La rinuncia abdicativa alla proprietà immobiliare, fondata sull'art. 827 del codice civile, era già prima del 2026 un terreno scivoloso. Le Sezioni Unite della Cassazione, con la sentenza n. 23093 dell'11 agosto 2025, avevano riconosciuto l'ammissibilità astratta dell'istituto, ma avevano al tempo stesso segnalato con chiarezza i rischi sistemici di quello che i giudici hanno efficacemente definito il fenomeno dei "regali tossici" allo Stato: immobili abbandonati, gravati da debiti, da abusi edilizi o da oneri di bonifica, che attraverso la rinuncia venivano trasferiti al patrimonio pubblico senza alcuna verifica preventiva.
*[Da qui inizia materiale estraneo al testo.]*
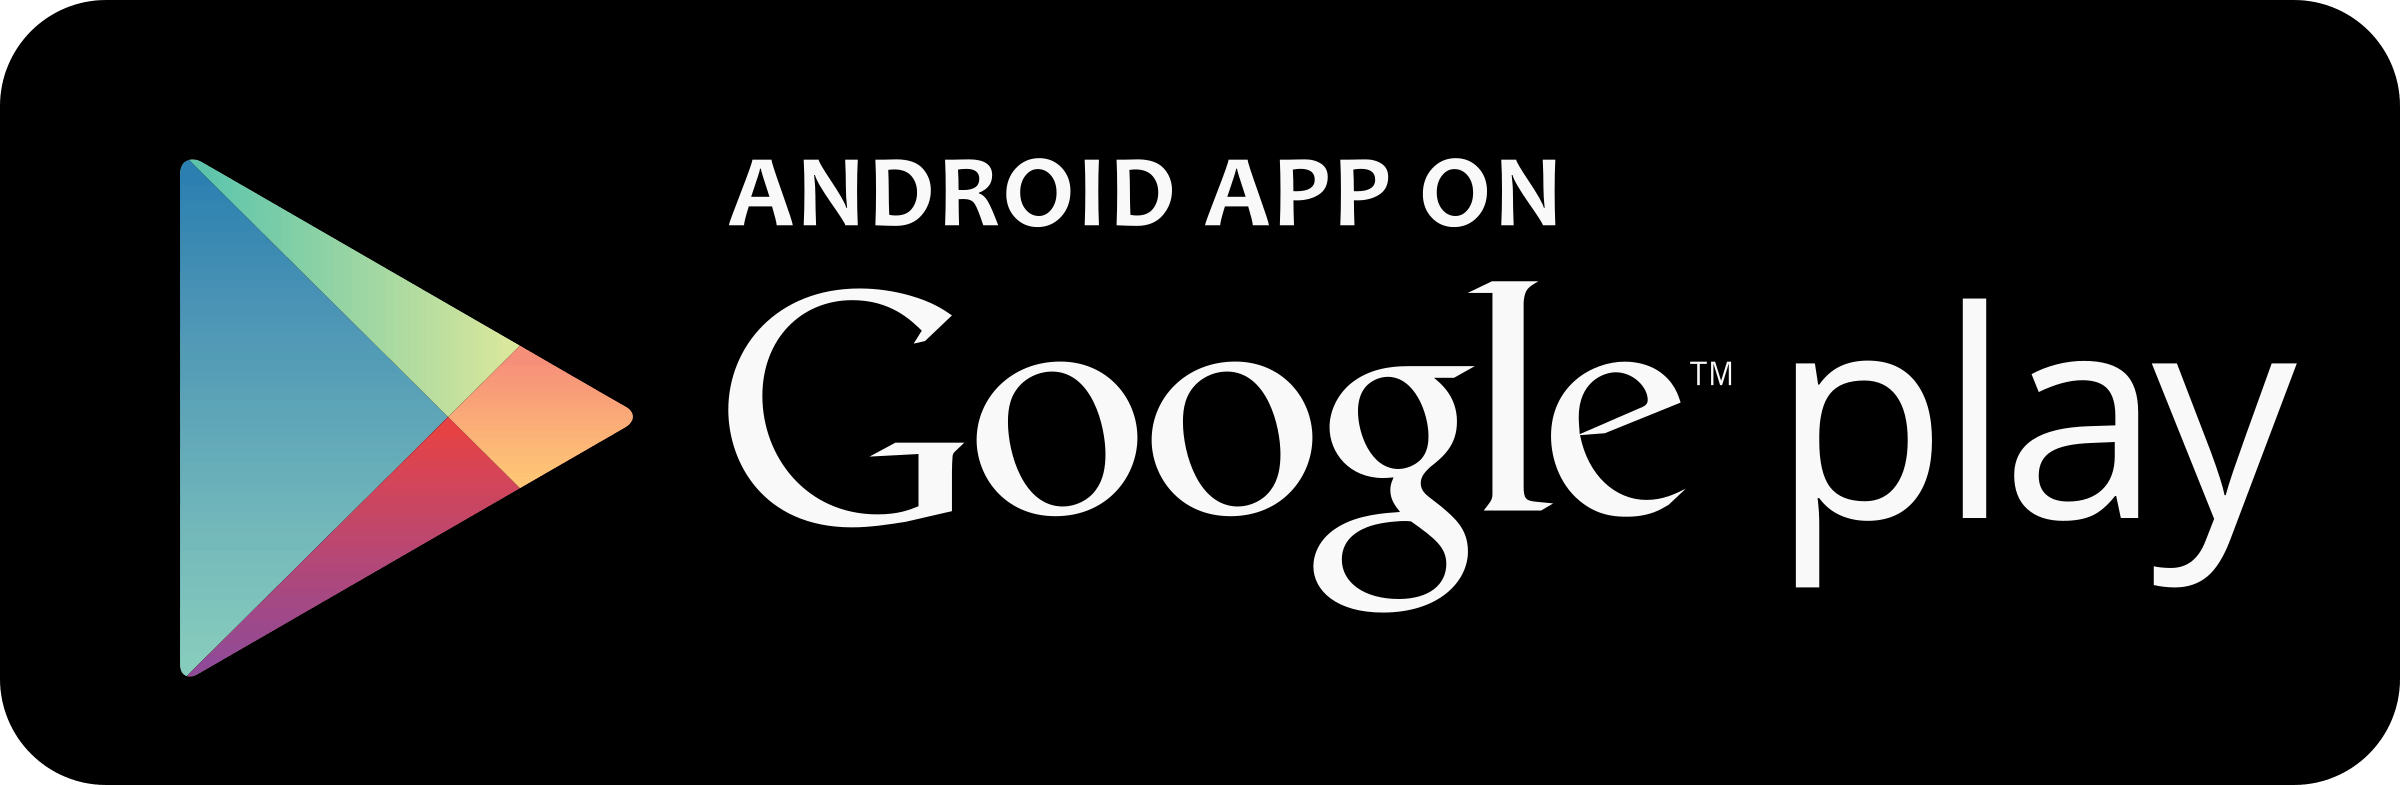 Android- App Logo - Google Play download Android app Logo PNG Transparent & SVG Vector

Il legislatore ha raccolto l'avvertimento. La Legge 30 dicembre 2025 n. 199 (Legge di Bilancio 2026), ai commi 731 e 732, in vigore dal 1° gennaio 2026, ha introdotto una regola netta: l'atto unilaterale di rinuncia abdicativa è nullo se privo della documentazione tecnica attestante la conformità urbanistica, sismica e ambientale dell'immobile, documentazione che il notaio rogante è tenuto a verificare prima di procedere.
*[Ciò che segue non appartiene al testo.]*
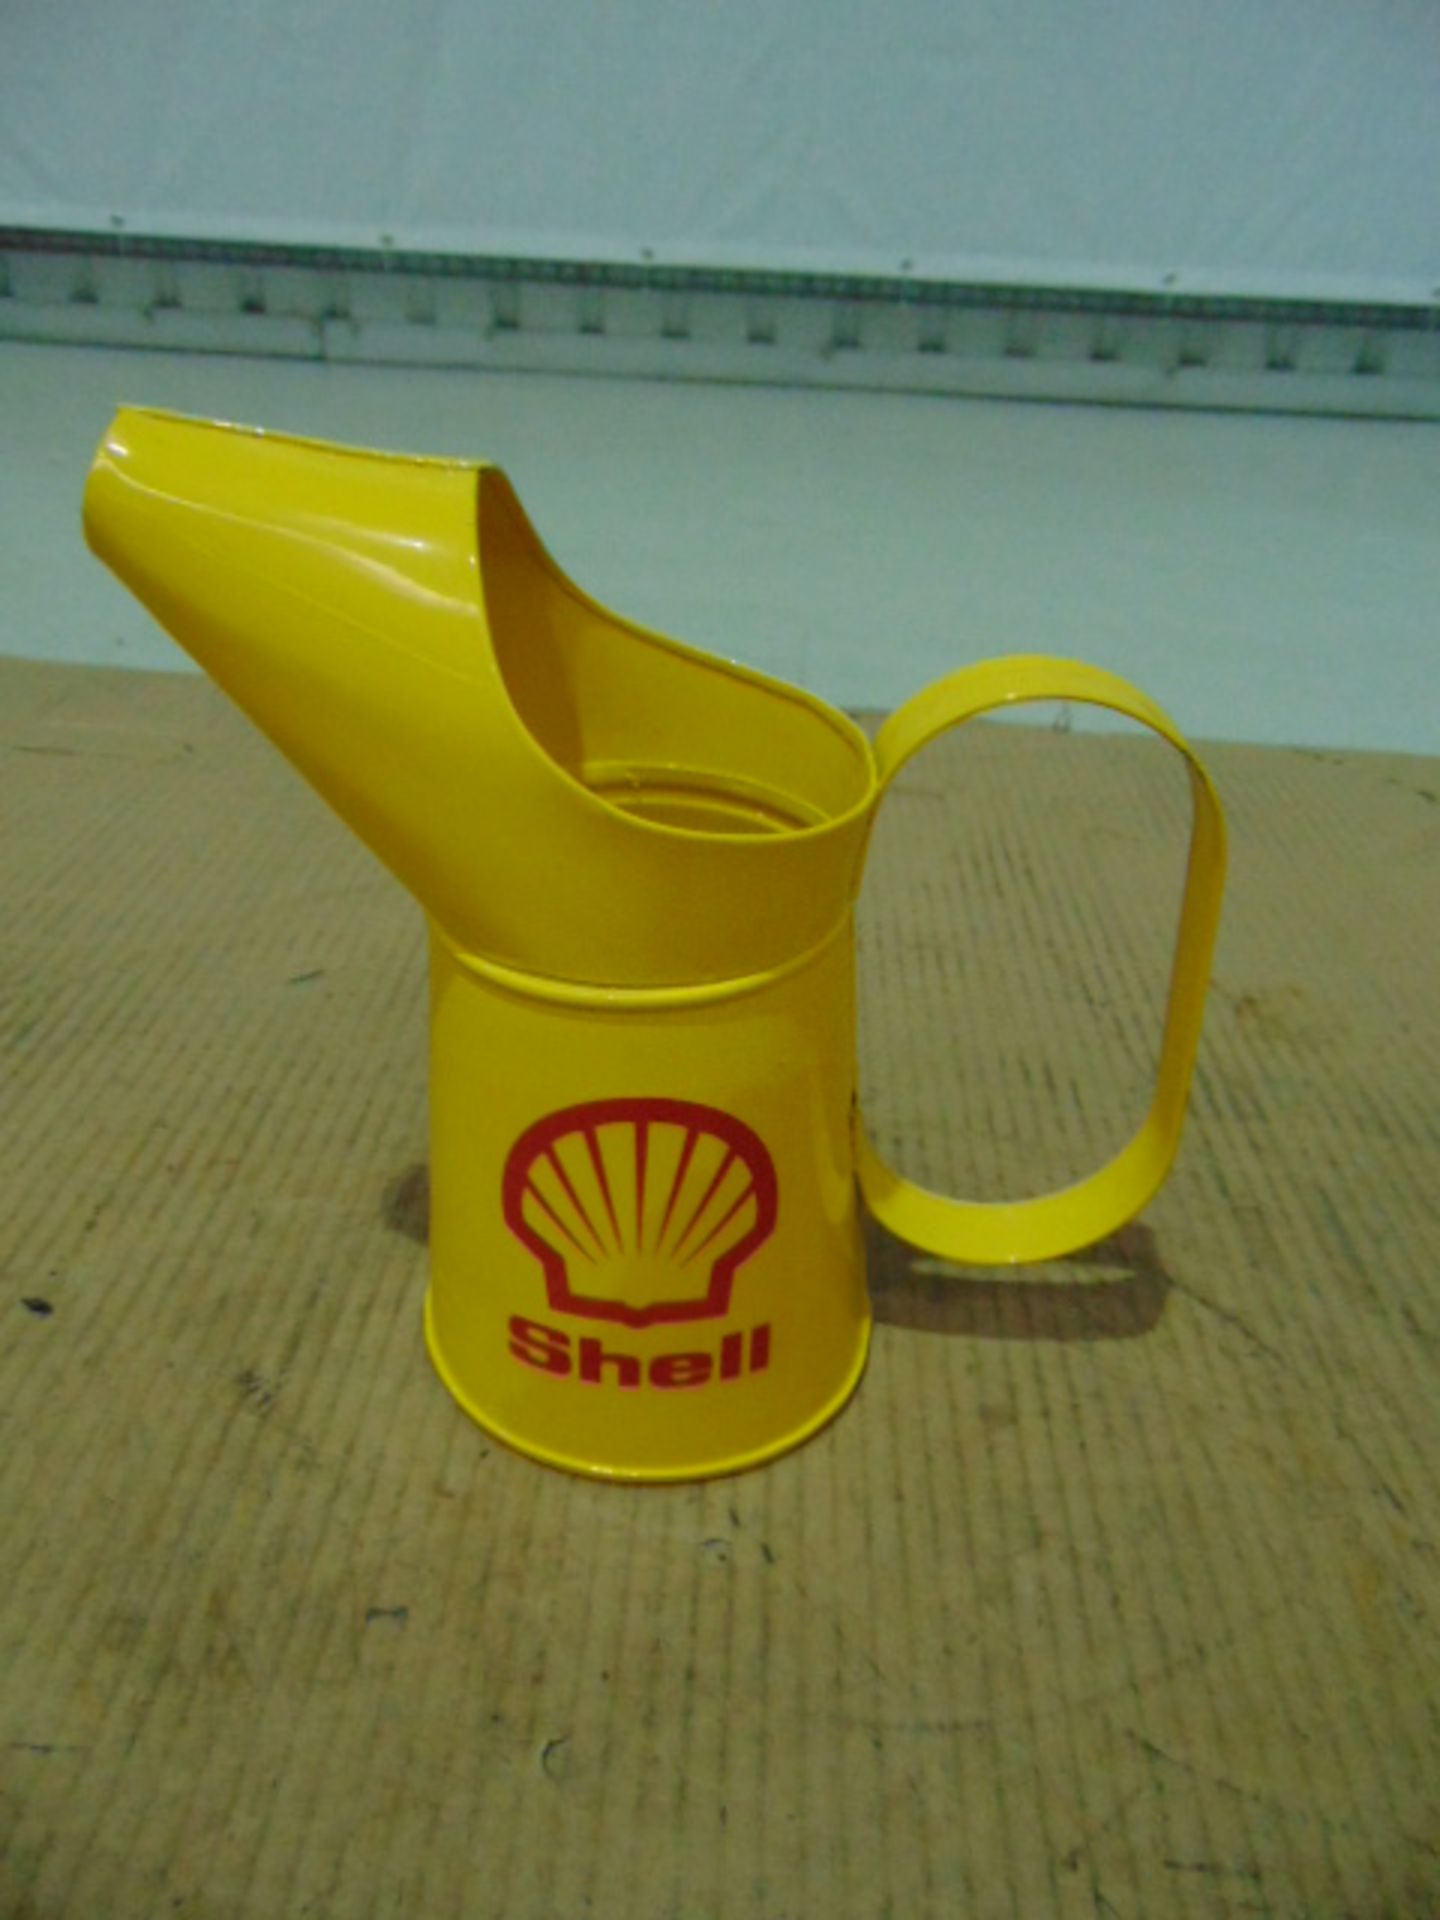 Set of 5 x Shell Branded Mixed Size Oil Pourer Cans - Bild 4 aus 8

Il principio che guida la riforma è quello del vigilantibus iura subveniunt: il diritto assiste chi esercita i propri diritti con diligenza, non chi cerca di scaricare su altri le conseguenze di una gestione negligente.
Posso rinunciare alla proprietà di una casa fatiscente nel 2026?
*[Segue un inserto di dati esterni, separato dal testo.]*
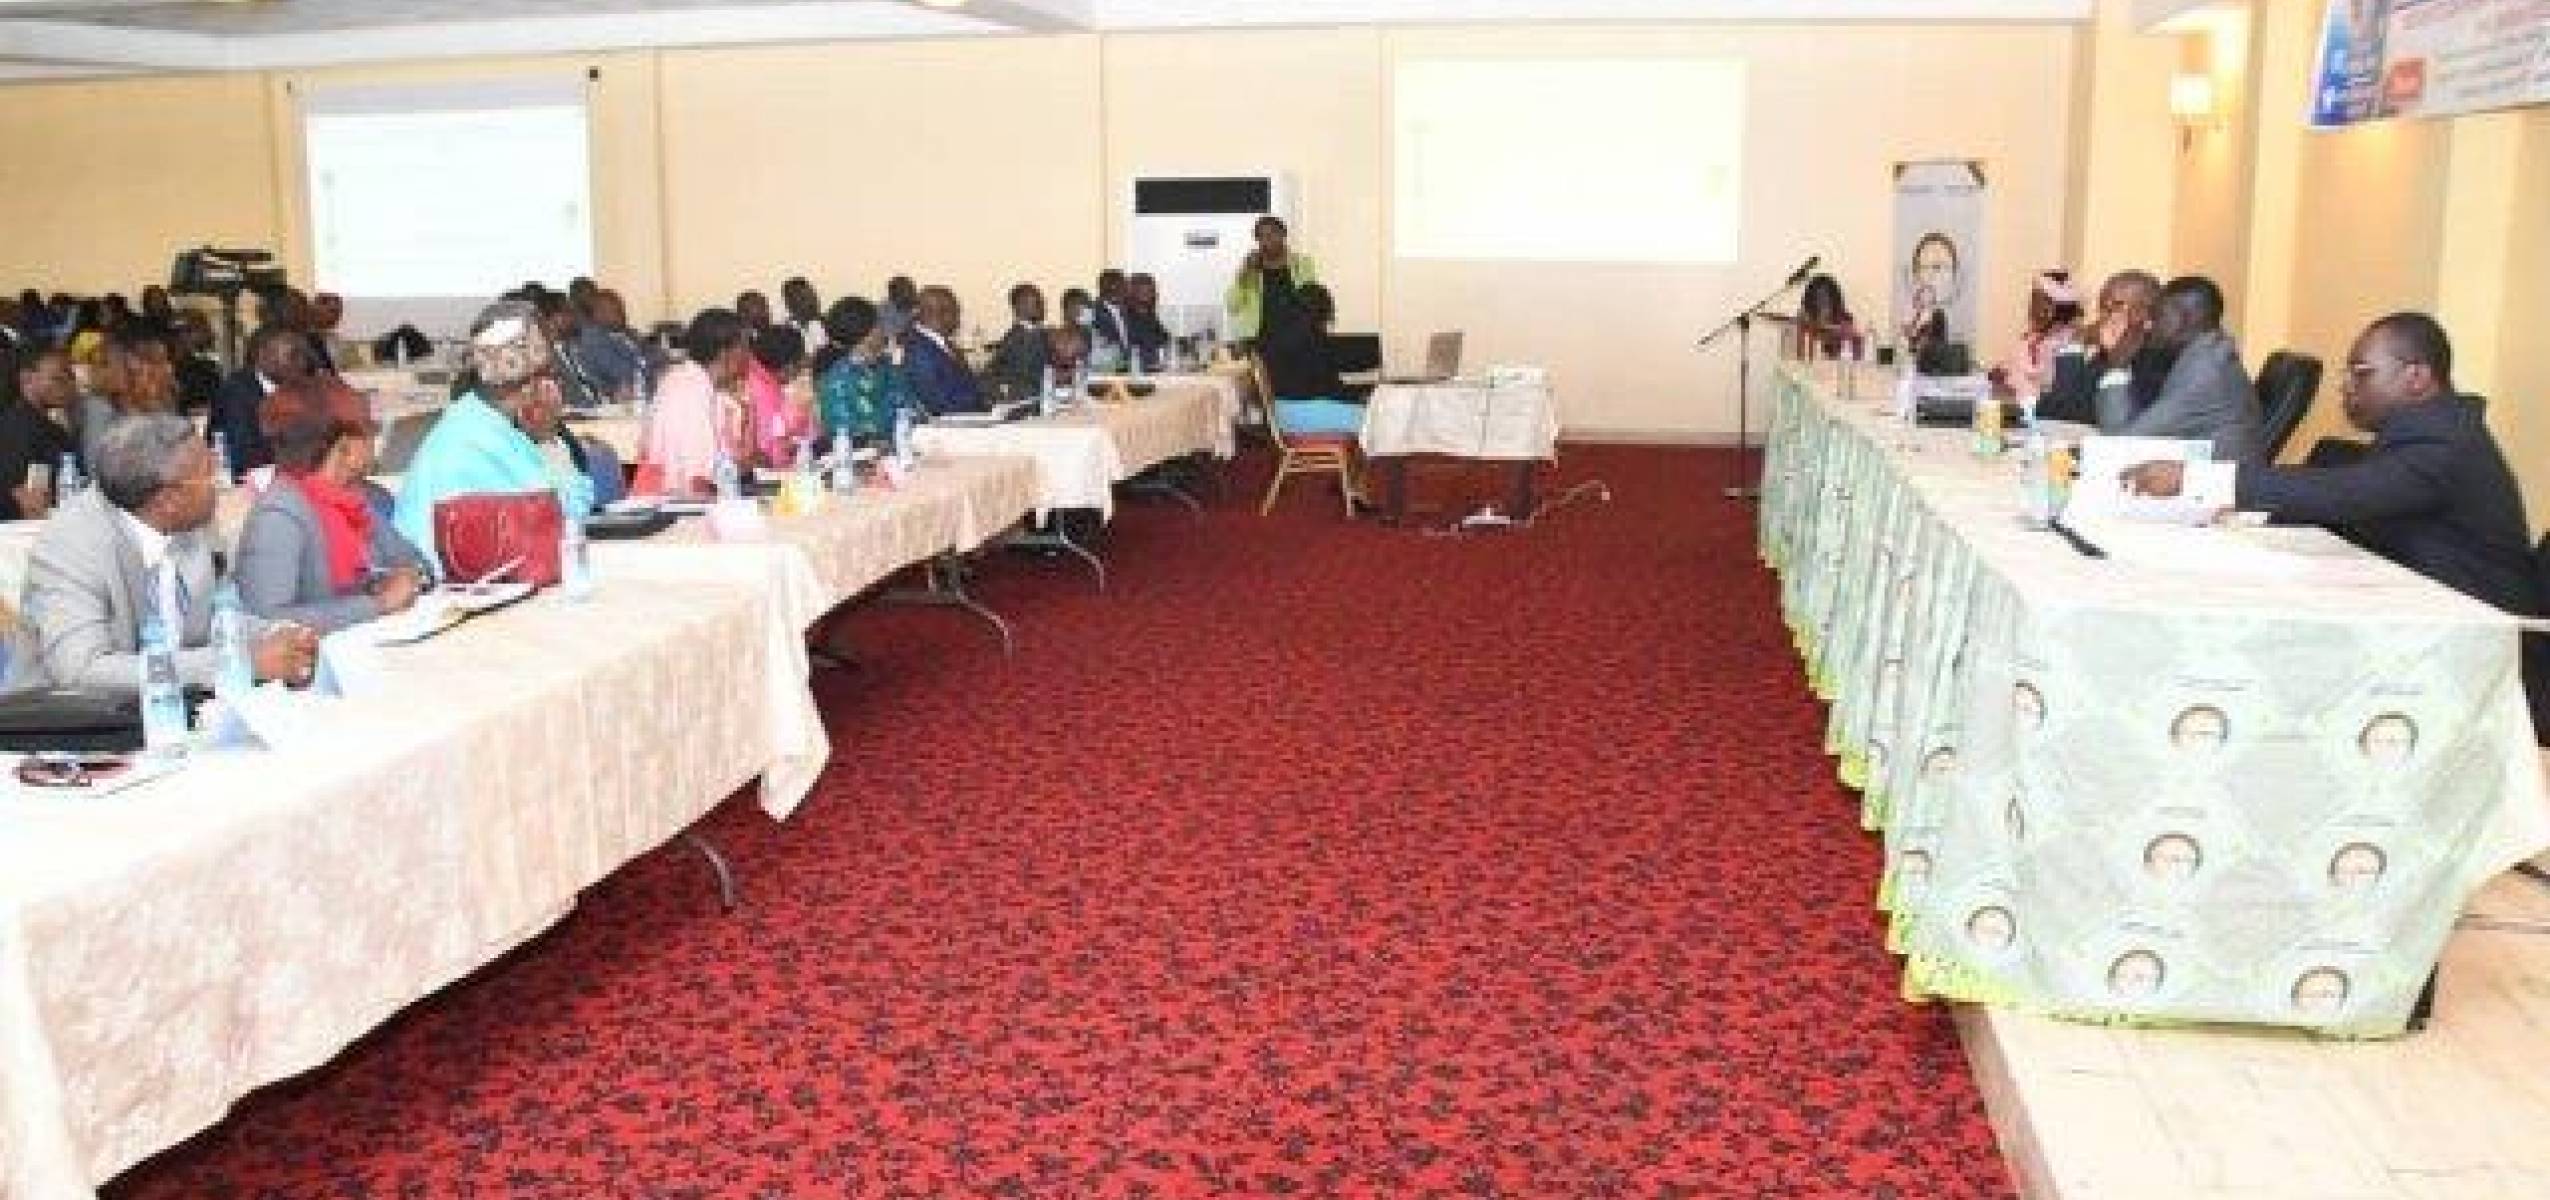  MINFOPRA chairs a seminar of stakeholders involved in the state human resources management chain.

La risposta tecnica è sì, ma condizionata. L'istituto della rinuncia abdicativa resta valido nell'ordinamento italiano. Ciò che cambia radicalmente è il presupposto: non è più sufficiente la volontà del proprietario espressa davanti al notaio. Occorre che l'immobile sia in regola — o venga messo in regola — sotto il profilo urbanistico, sismico e ambientale. In assenza di questa documentazione, l'atto è nullo di diritto, con la conseguenza che il proprietario resta tale a tutti gli effetti, con tutti gli oneri fiscali, manutentivi e di responsabilità civile che ne derivano. Chi possiede un immobile classificato in categoria catastale F/2 (collabente) o un rudere con abusi edilizi pendenti si trova quindi in una posizione paradossale: non può tenere l'immobile senza costi, non può venderlo facilmente, e ora non può nemmeno rinunciarvi senza prima avere risolto i problemi che lo rendono indesiderabile.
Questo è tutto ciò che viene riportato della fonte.